## What to do
Exact reproduction of the data is required, with images excluded.
Input data: Begin
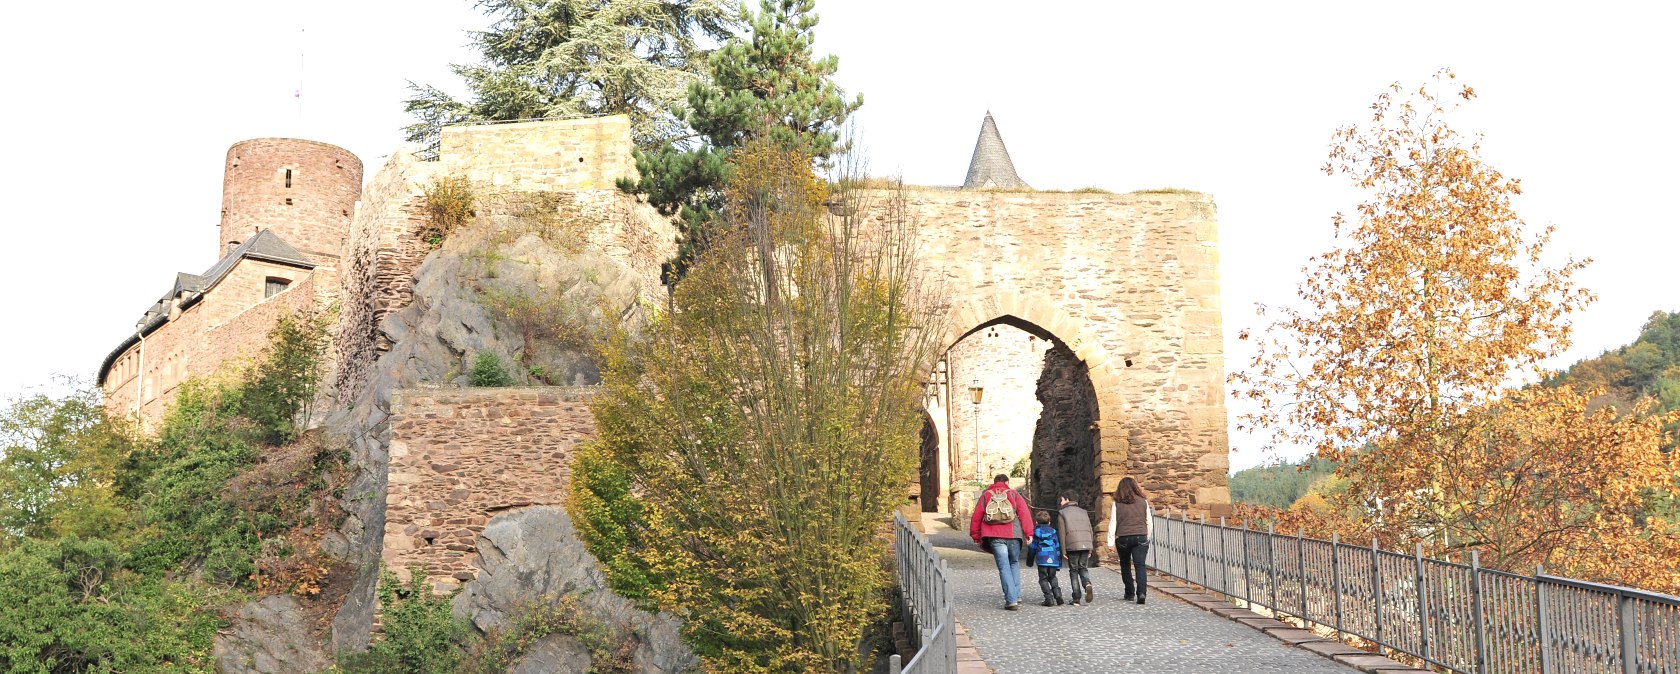 Die Burg Hengebach ist nur eine von unseren Sehenswürdigkeiten
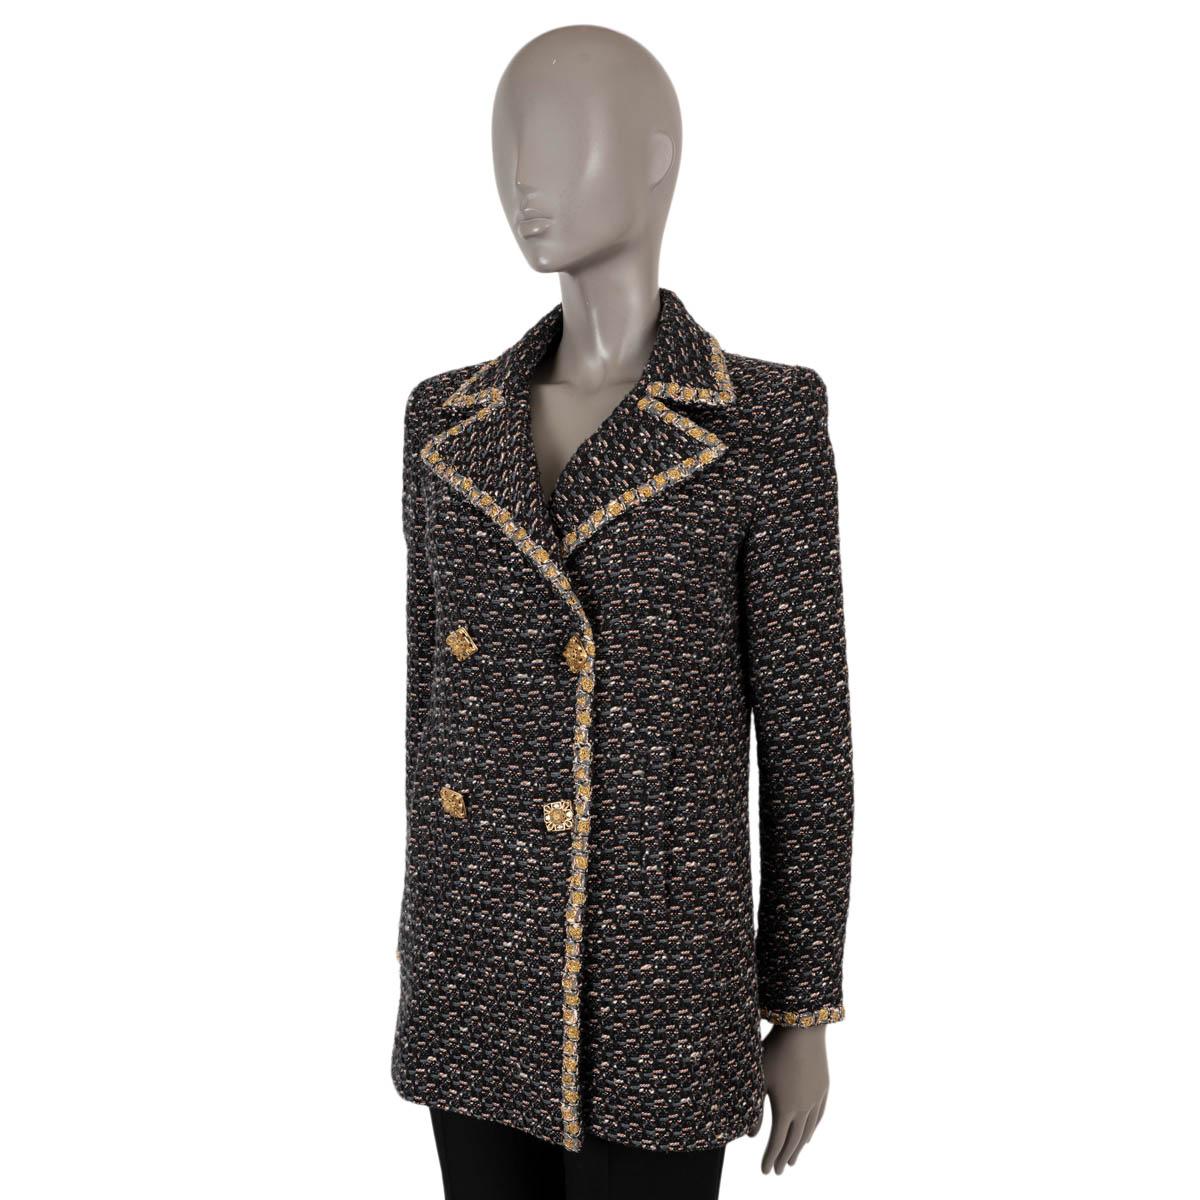 Veste peacoat en tweed 100% authentique Chanel en laine tweed noire, grise, blanche et orange (69%), polyamide (20%) et coton (11%). Le modèle présente quatre boutons dorés ornés de pierres, un sur chaque poignet, une bordure tressée en lurex doré
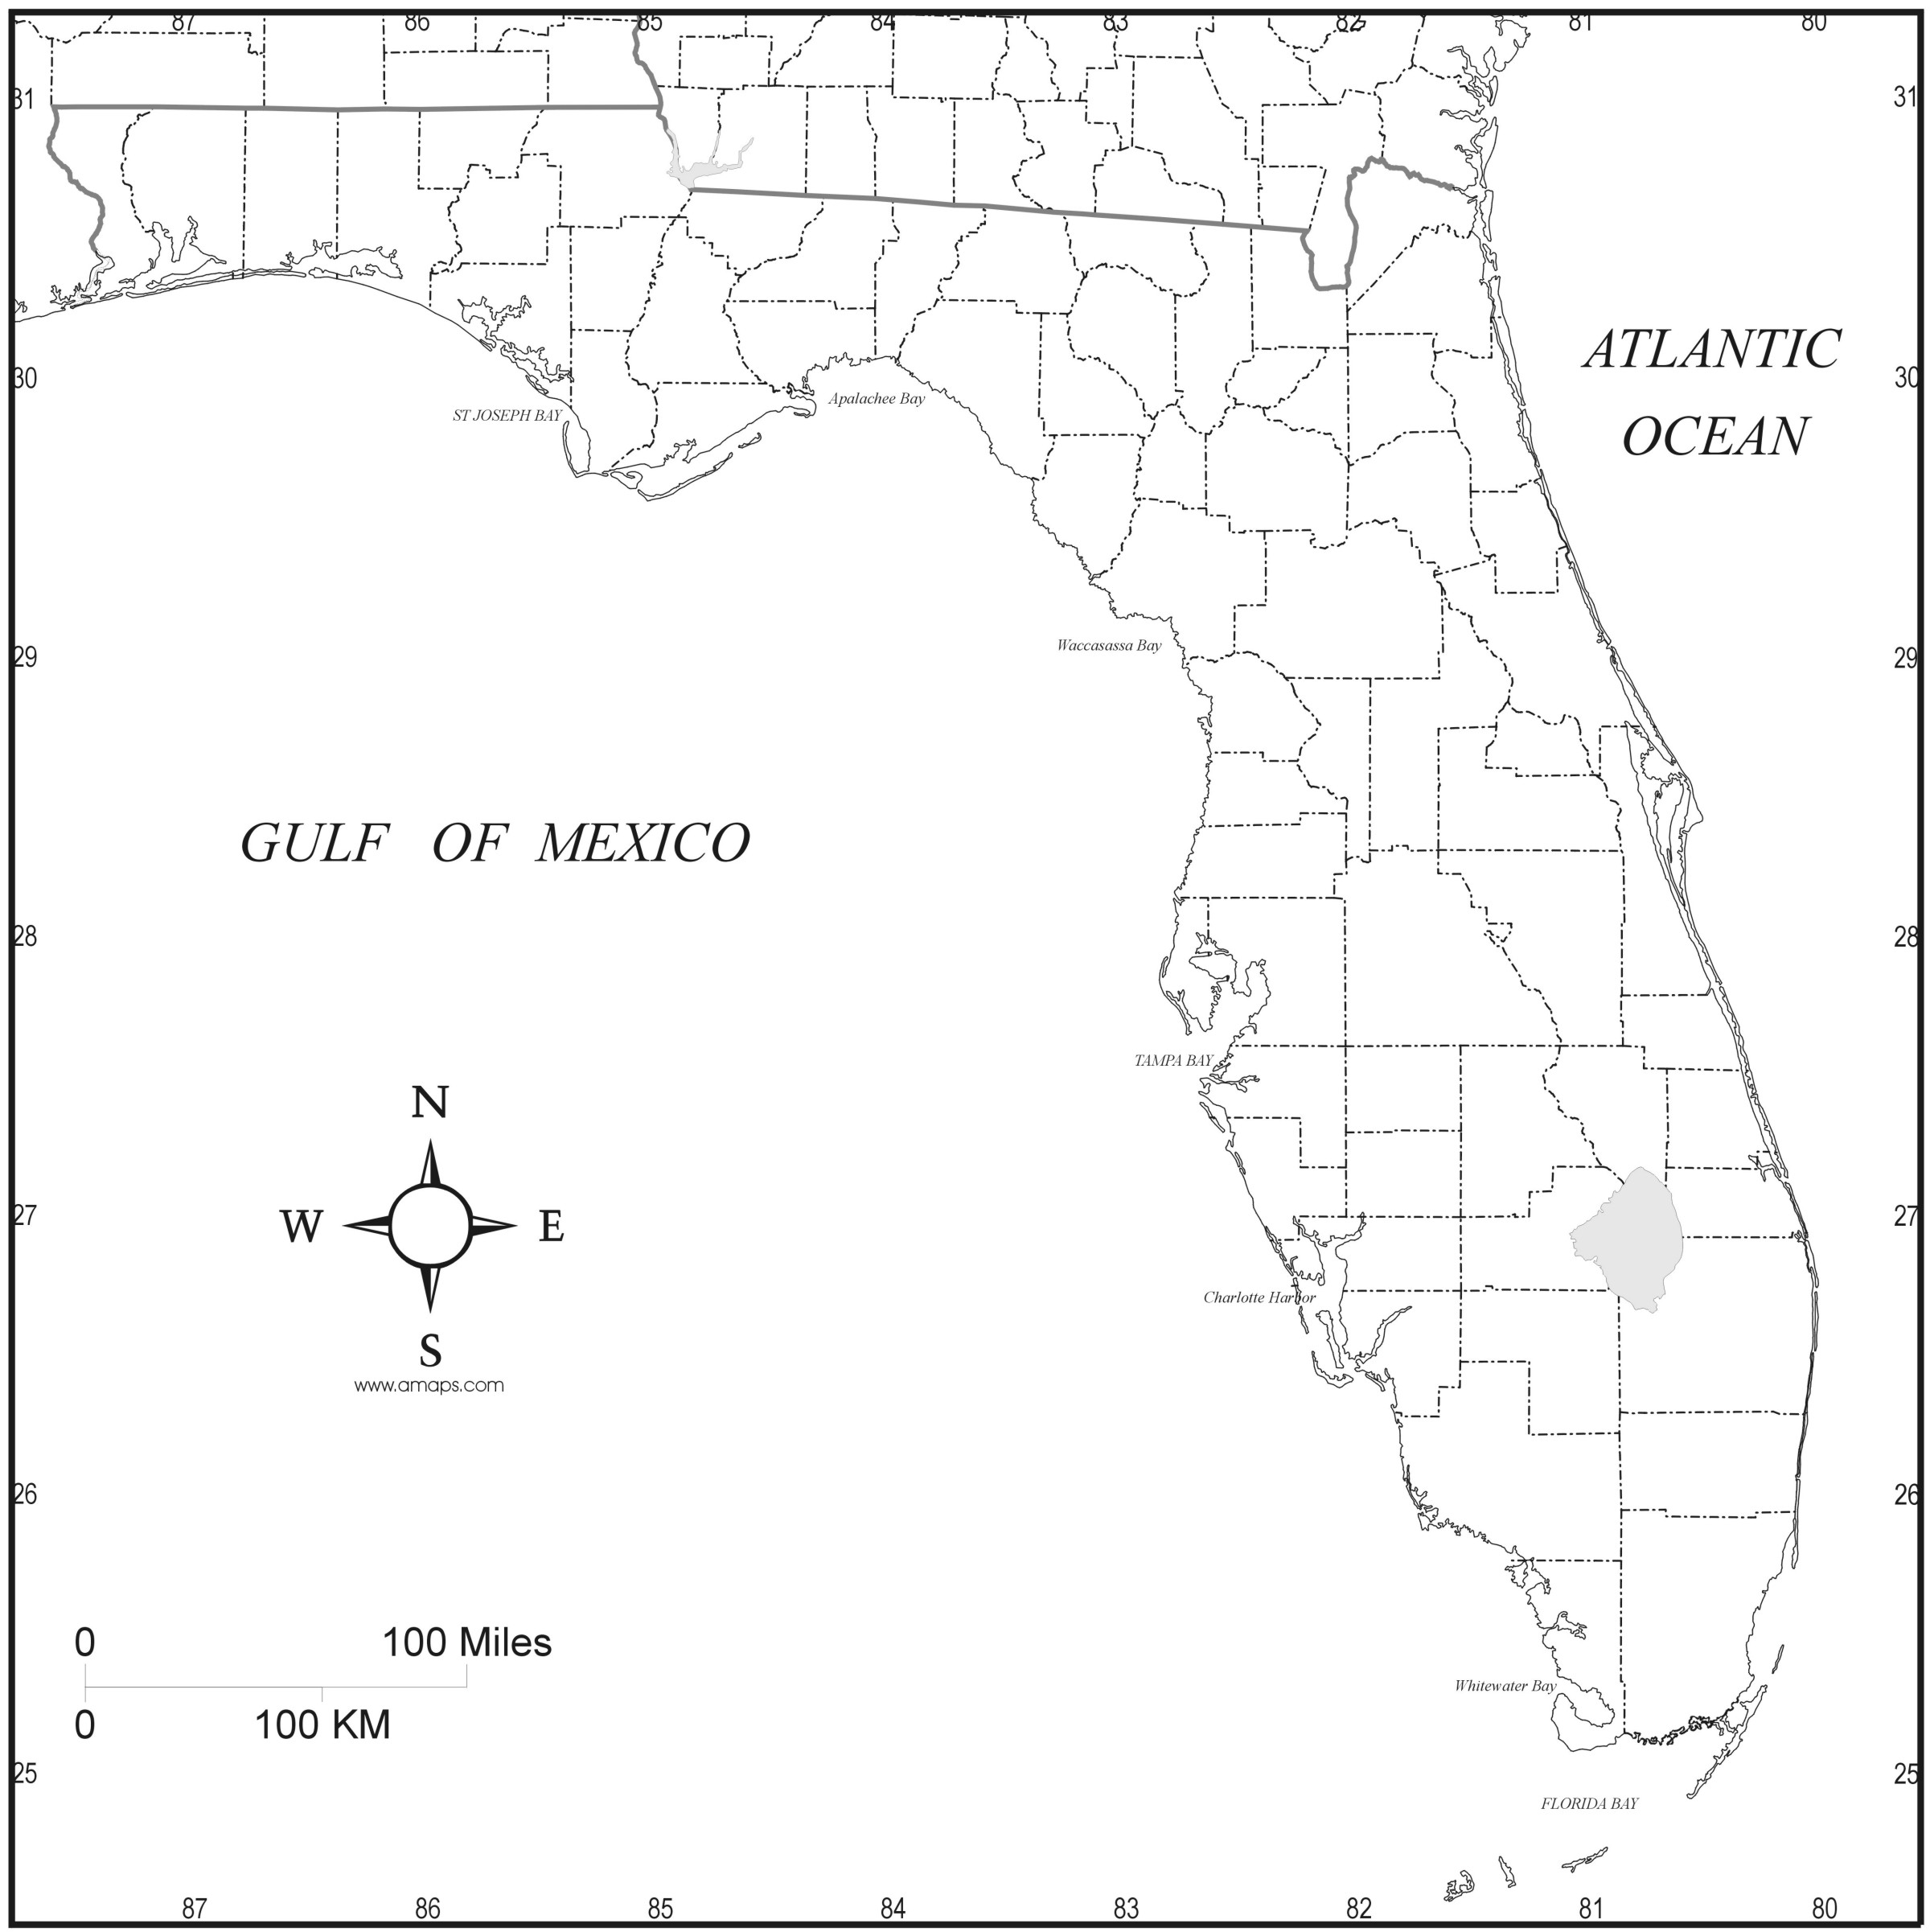 Карта Флориды с городами, подробная карта штата Флорида США скачать, соспутника детальная автомобильная
Input data: End
## Written answer
 Die Burg Hengebach ist nur eine von unseren Sehenswürdigkeiten
 Veste peacoat en tweed 100% authentique Chanel en laine tweed noire, grise, blanche et orange (69%), polyamide (20%) et coton (11%). Le modèle présente quatre boutons dorés ornés de pierres, un sur chaque poignet, une bordure tressée en lurex doré
 Карта Флориды с городами, подробная карта штата Флорида США скачать, соспутника детальная автомобильная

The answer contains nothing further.